Biosynthesis of secondary metabolites, such as mycotoxins, alkaloids and pigments in response to environmental conditions is vital for fungal development. In the A. rabiei genome assembly, 26 clusters harboring putative secondary metabolite genes were identified, suggesting possible production of biologically active compounds (Supplementary Table 16). Nine T1 polyketide synthase (T1PKS) gene clusters were present, in contrast to only one T3PKS gene cluster. These PKS genes lied within the clusters of genes encoding dehydrogenases, oxidoreductases, methyltransferases and cytochromes P450, which are responsible for modifying secondary metabolites.
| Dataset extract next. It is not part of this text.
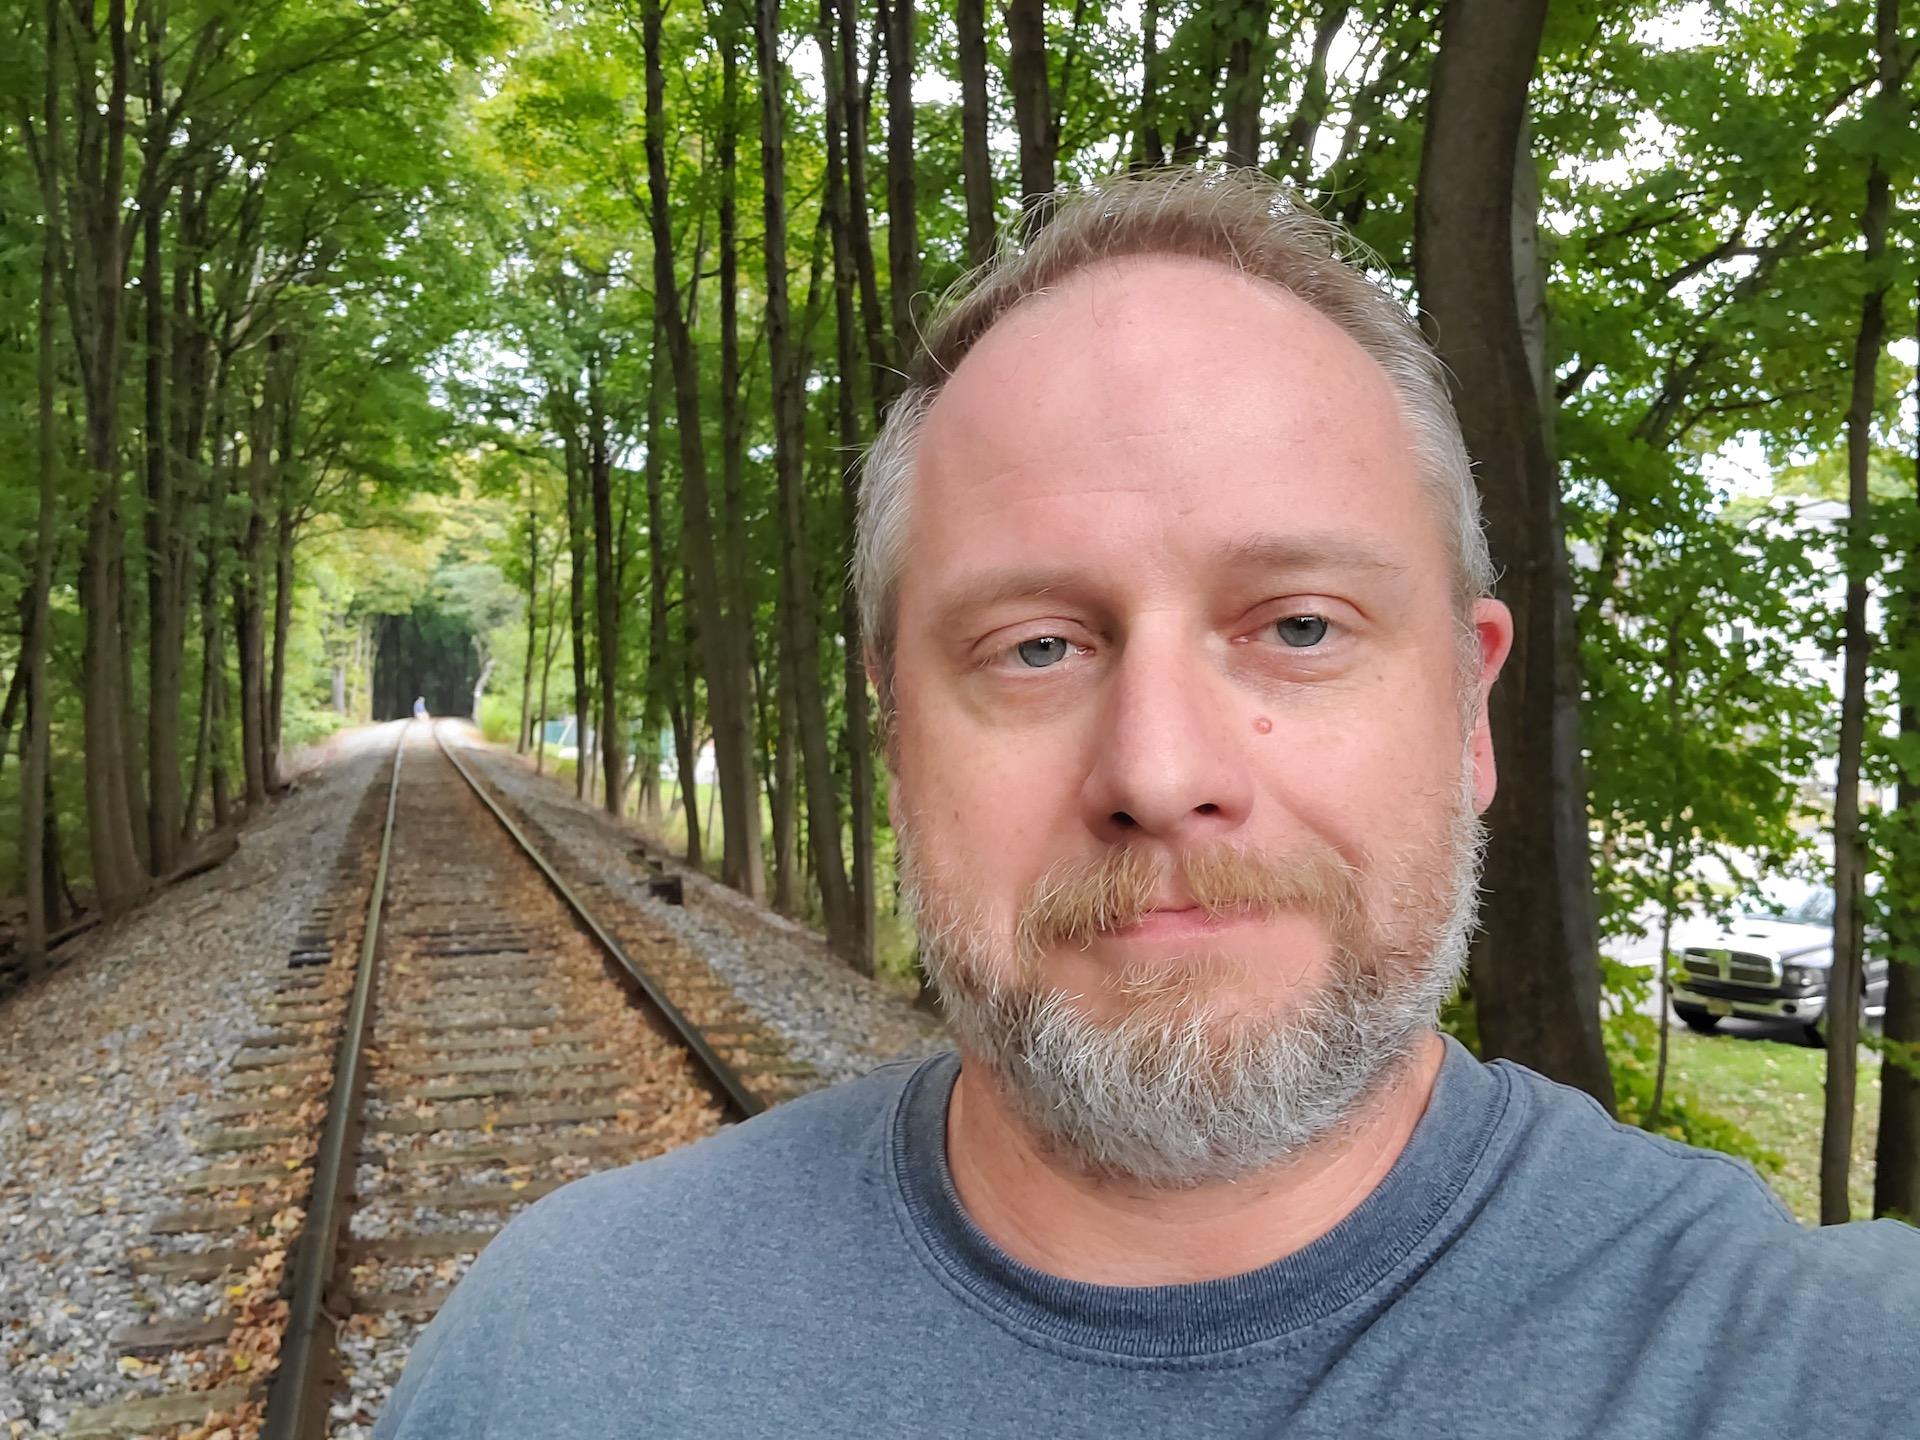 Samsung Galaxy Fold review camera sample track selfie

Further, only two non-ribosomal peptide synthetase (NRPS) gene clusters were identified that harbored FAD-dependent oxidoreductases and monooxygenases. In addition, six gene clusters of terpenes required for producing mycotoxins are also present. Furthermore, the genes involved in cytochalasin toxin production were identified in A. rabiei genome. The cytochalasin gene cluster consisting of 14 genes is reported in Aspergillus clavatus genome25. Out of those, orthologs of 11 genes were identified in A. rabiei genome assembly (Supplementary Data 9). Therefore, the A. rabiei genome represents rich resources for secondary metabolite biosynthesis that may be responsible for the production of several secondary metabolites such as, mycotoxins, alkaloids and pigments.

Polysaccharide degradation machinery and gene families involved in pathogenicity

Enzymes required for degrading plant cell walls is a crucial factor for pathogen invasion. Not surprisingly, the growth efficiency and aggressiveness of phytopathogens are often associated with their CAZymes. Among the 10,596 unique proteins of A. rabiei, 1,727 (16.3%) showed presence of Pfam protein domain that matched with at least one of the CAZyme families. These putative CAZymes included 58 families of glycoside hydrolases (GHs), 40 families of glycosyl transferases (GTs), 8 families of carbohydrate esterases (CEs), 18 families of carbohydrate-binding modules (CBMs), 9 families of auxiliary activities (AAs) and only 3 families of polysaccharide lyases (PLs) (Supplementary Fig. 15a, Supplementary Table 17). Among all the CAZyme families, the GT family is the most represented, followed by the GH proteins. The most abundant GT classes were strongly geared toward cellulose (GT48), hemicellulose (GT34) and chitin (GT2) degradation (Supplementary Fig. 15b, Supplementary Table 17). The relationship between the number and variety of CAZymes, and fungal nutritional strategy was examined by comparing predicted CAZymes of A. rabiei with those in few other related necrotrophic and biotrophic fungi. Unlike biotrophs, A. rabiei and other necrotrophic fungi had a significantly expanded set of CAZymes (Fig. 5), particularly cellulose and hemicellulose degrading enzymes (Supplementary Figs 16,17). Further study would be required to determine their relevance to plant pathogenicity or other lifestyle characteristics. However, these findings indicated that A. rabiei possessed a battery of CAZymes that would be suitable for the consumption of carbohydrates commonly found in plant hosts and also for the degradation of pectin.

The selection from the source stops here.